Не разглядев вооруженных людей в пролетке, конники остановились не сразу. Запрягаев и Шарабанов, воспользовавшись этим, швырнули по гранате в приближающийся отряд. Возница круто заворотил. Лошади понеслись вниз и вынесли пролетку из балки. Сзади раздались взрывы, вихрем ударившие в уши. Еще сильней задребезжала пролетка. Выстрелов слышно не было. Проскакав минут пять, лошади сбавили бег. Позади было тихо и безлюдно.
— Ушли, — вздохнул свободно Шарабанов. — Теперь ночью попытаем.
— Твоя правда, лучше было ехать верхом, — повернулся Запрягаев к Реброву.
Весь день шумела канонада. Она нарастала и приближалась. Красная Армия поделила к Самаре, и орудийные удары звучали у самого города.
По Самаро-Златоустовской дороге по обеим колеям уходили из Самары эшелон за эшелоном. Они хорошо были видны и, будь у разинцев орудия, плохо пришлось бы учредиловцам.
— Подорвать, подорвать! Эх, промазали, — ругался озлобленно Запрягаев. — Не ушли бы они.

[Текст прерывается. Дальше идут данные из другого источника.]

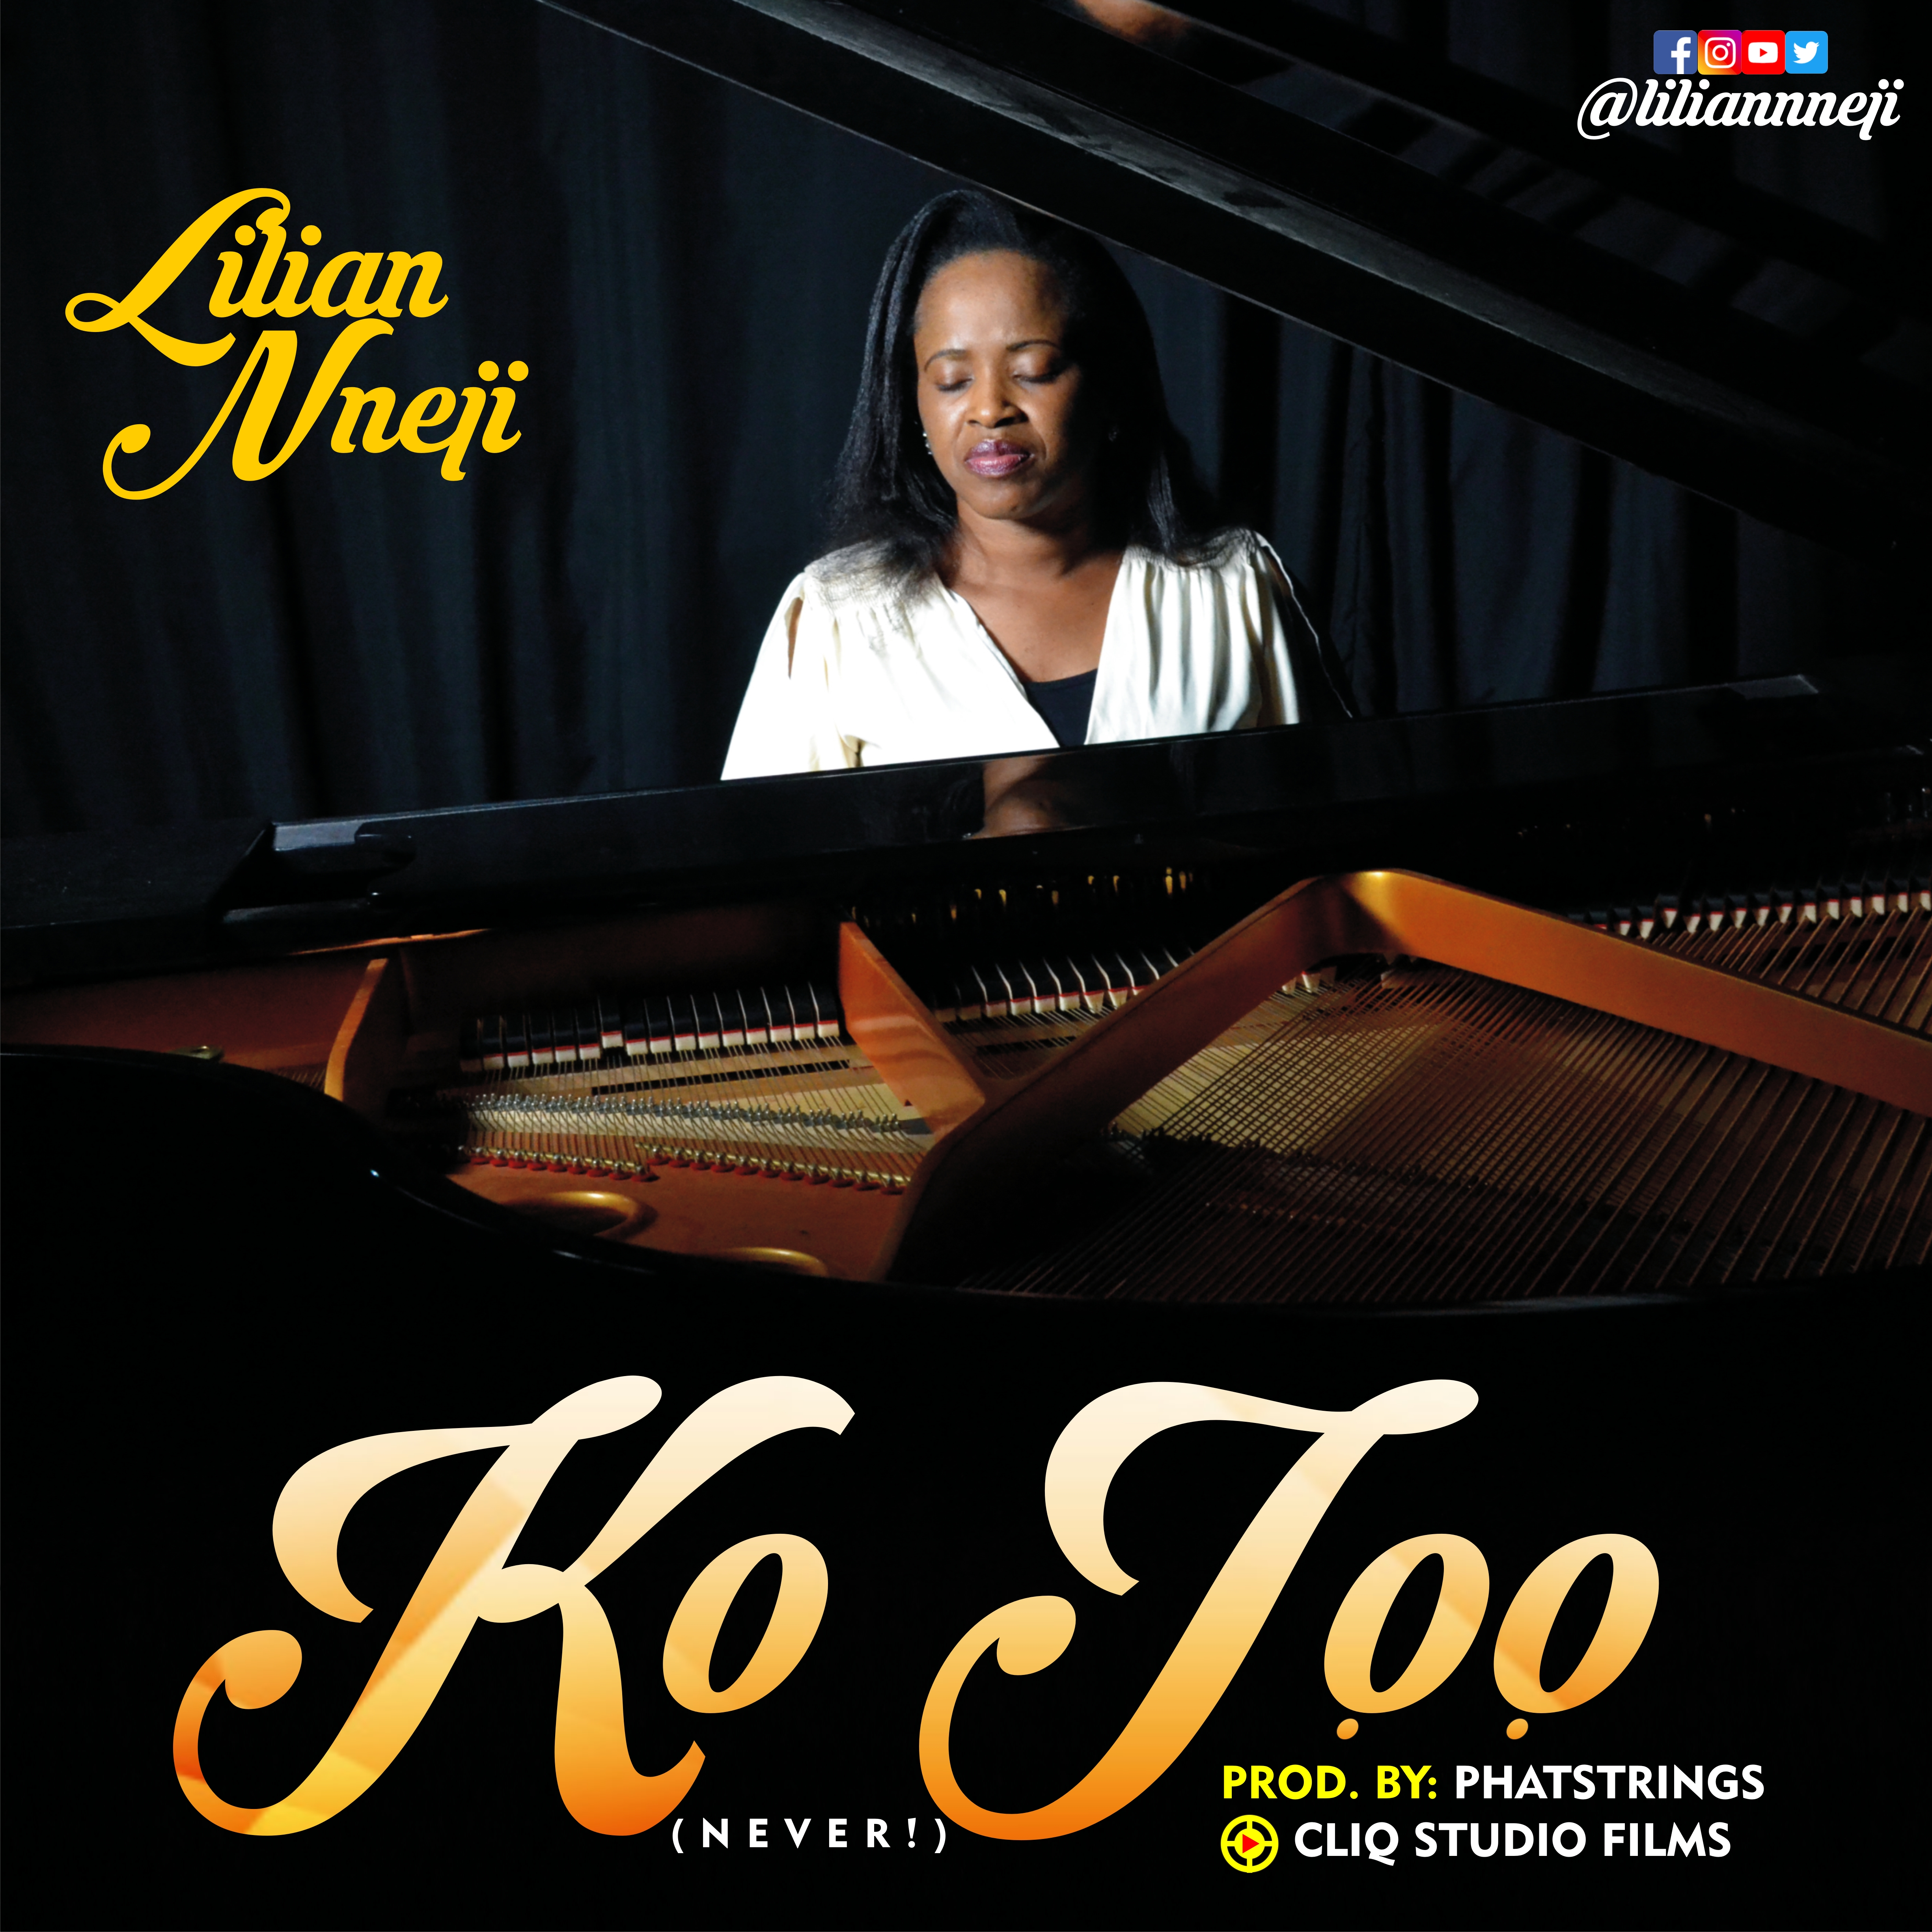 Lilian Nneji Ko Joo

До поздней ночи гудели орудия. Вспышки выстрелов зарницами сверкали вдали. Только наутро прекратилась стрельба, и наступившая тишина была так неожиданна, что спавшие на полу в избе Запрягаев, Ребров и командир полка проснулись и вскочили на ноги.
Вдруг совсем близко раздались частые удары пушечных выстрелов. Все схватили бинокли, выскочили на улицу и стали смотреть на насыпь. Там, позади уходящих эшелонов, медленно полз по рельсам на восток серый стальной бронепоезд, выплевывая из четырех башен трехдюймовые плевки. Флаги, очевидно георгиевские, развевались над ним.
— Последний, — сказал комиссар. — Самара свободна.
Он не ошибся. Броневик прикрывал последние отступающие части.
— Смотри, — показал Запрягаев Реброву на небольшую точку, парящую высоко в небе над степью.
Ребров посмотрел в бинокль: вслед за бронепоездом, опережая его, летел на восток аэроплан с пятиконечной звездой на крыле. С аэроплана сбрасывали вниз невидимые свертки, рассыпавшиеся в воздухе тысячами лепестков.
За полчаса перед выступлением в штабной избе пили чай.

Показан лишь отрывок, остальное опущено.